The timeframe is achievable.
He admits that the gains are fragile but regards that as another reason to stay the course.
Anything less would expose the provinces deep, isolated valleys to the re-emergence of the Taliban and a blood bath of reprisals.
The story is being repeated across the country and some seven provinces are almost ready to transition to local security control.
Australian special-forces are now fanning out into neighbouring provinces of Helmand and Kandahar to take the fight up to the bomb makers and commanders who run the deadly insurgency. And they are having great deal of success.
“Towns in Kandahar and Helmand provinces are now bustling with traders and entrepreneurs,” Maj-Gen Campbell said.
Such an outcome would have been inconceivable 12 months ago, but the gains could be reversed overnight if the political leaders of NATO and the Coalition lose their bottle and go home.
If that happened the country would soon fall back under the control of the Taliban and a disparate bunch of war lords, drug lords and other assorted bandits. It would once again be a training ground for Islamic militants hell bent on spreading violence and hate to places such as Bali, London, Madrid and elsewhere.

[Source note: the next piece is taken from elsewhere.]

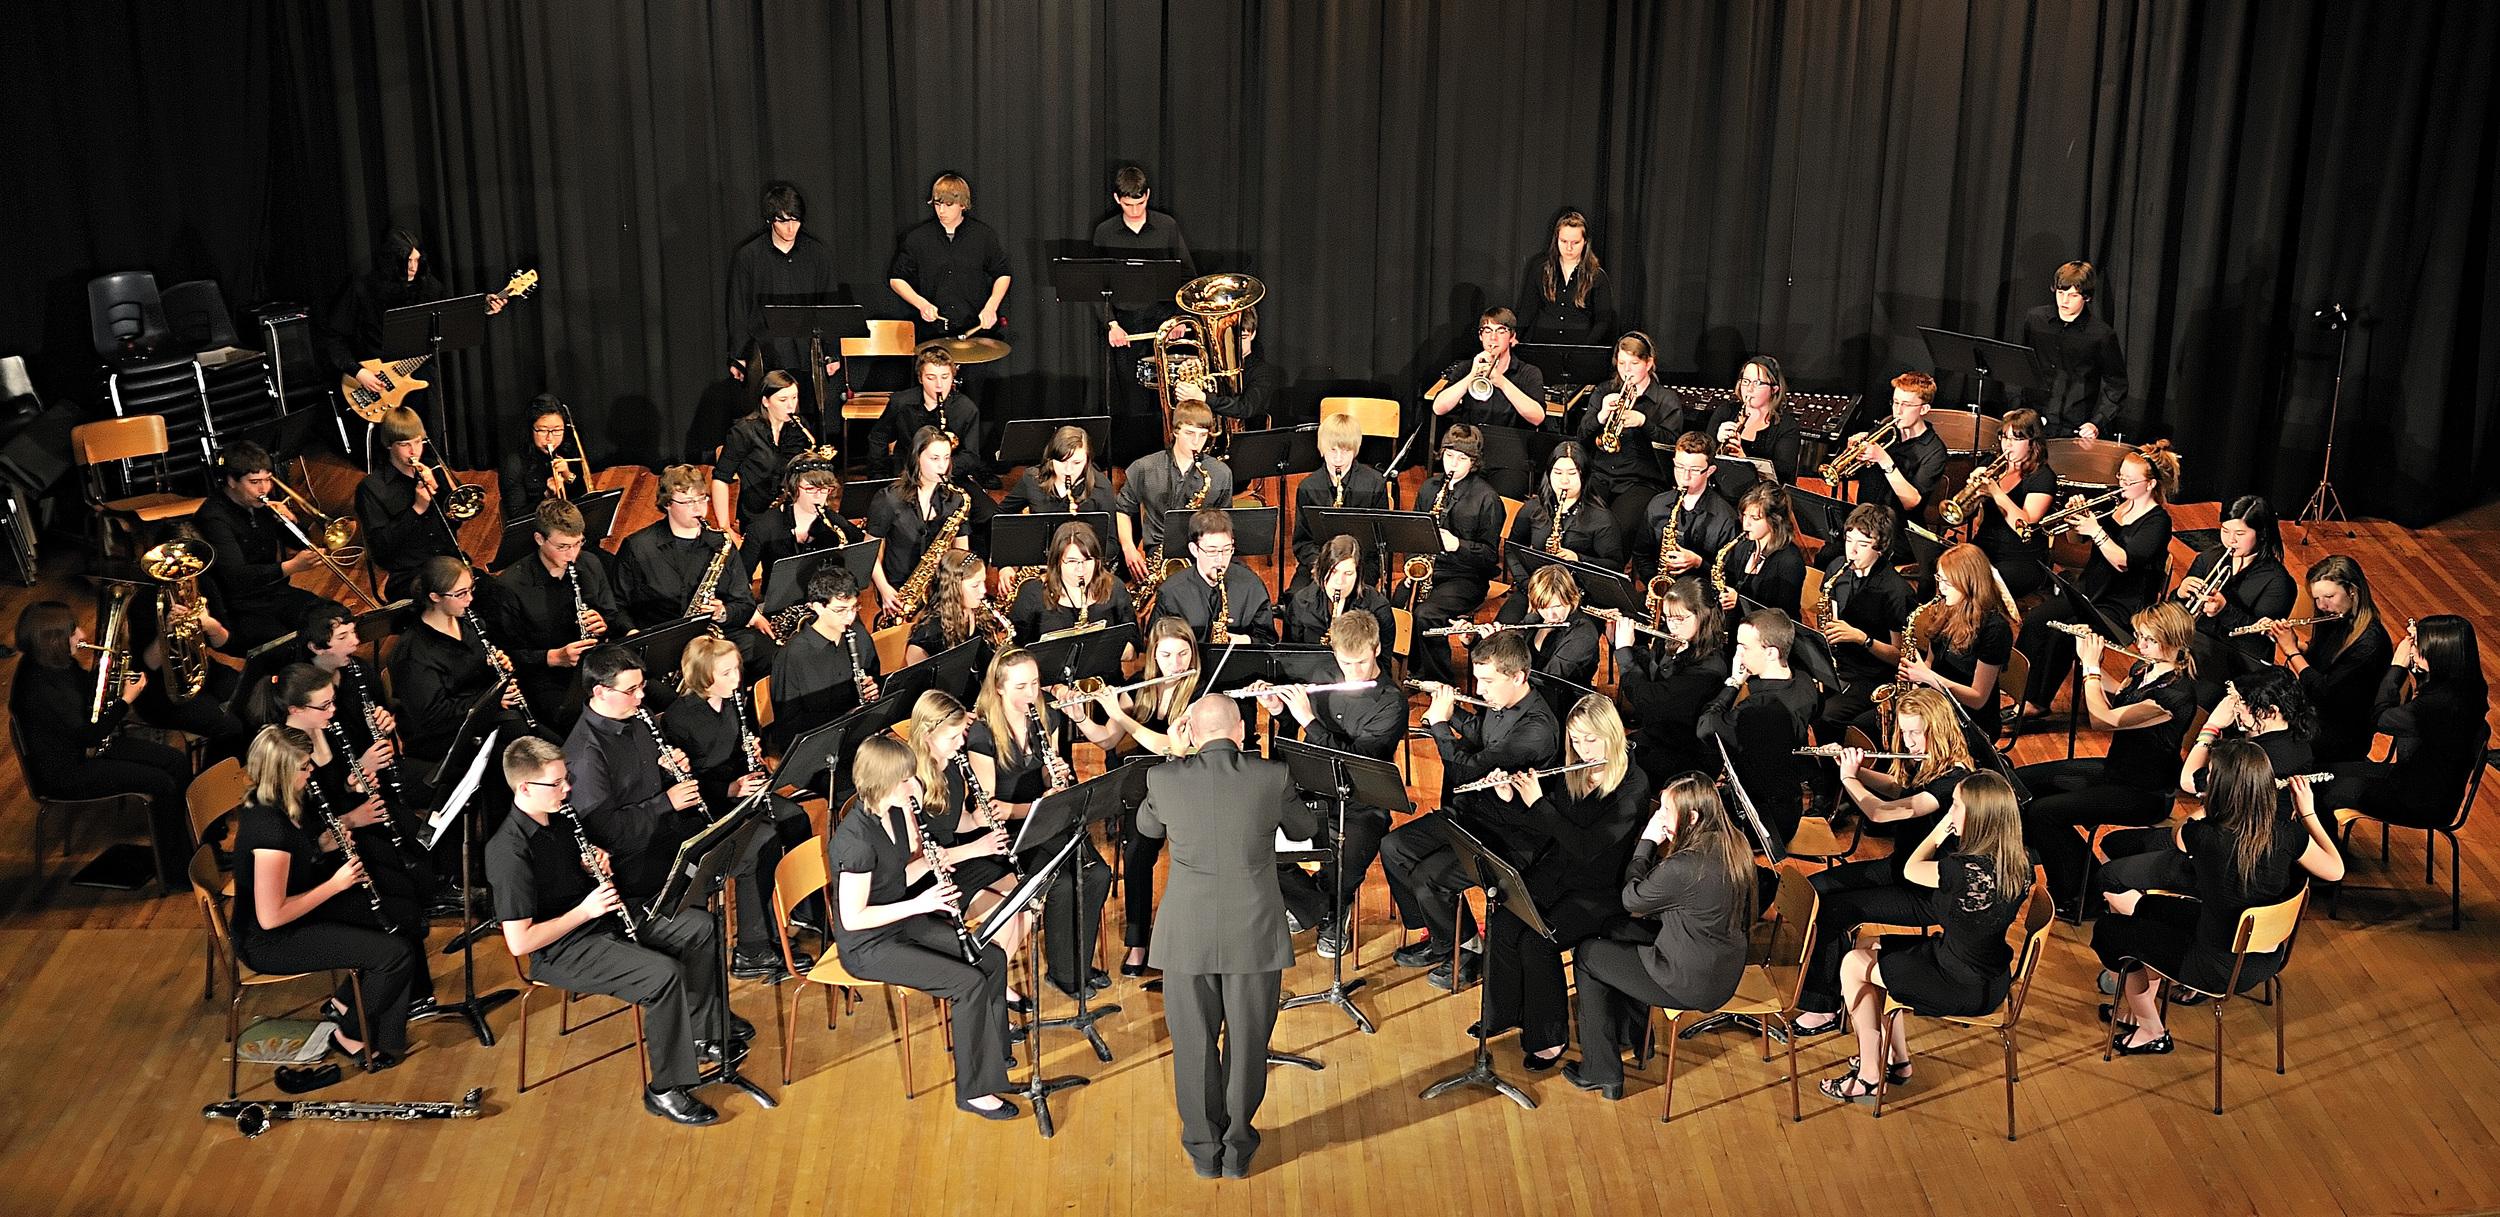 CIPA Concert Band - photo bymichaeldavies.com

This is a high stakes campaign where comparisons to previous wars such as Vietnam are pointless and wrong.
Not one Australian was killed by a single terrorist trained in Vietnam, but 501 of our young people died in America’s fruitless war against the spread of communism.
More than 100 Australians have been killed by Islamic terrorists around the globe and so far 27 volunteer soldiers have died taking the fight up to this cowardly, fanatical enemy.
If we withdraw before the job is finished then the sacrifice of these 27 brave young Australians, including four this past week, and more than 170 more badly hurt and maimed would have been in vain and that would be a tragedy.
We honour the memory of the fallen by standing firm and to keep our country and our children safe we must persevere in Afghanistan - and that will involve further sacrifice.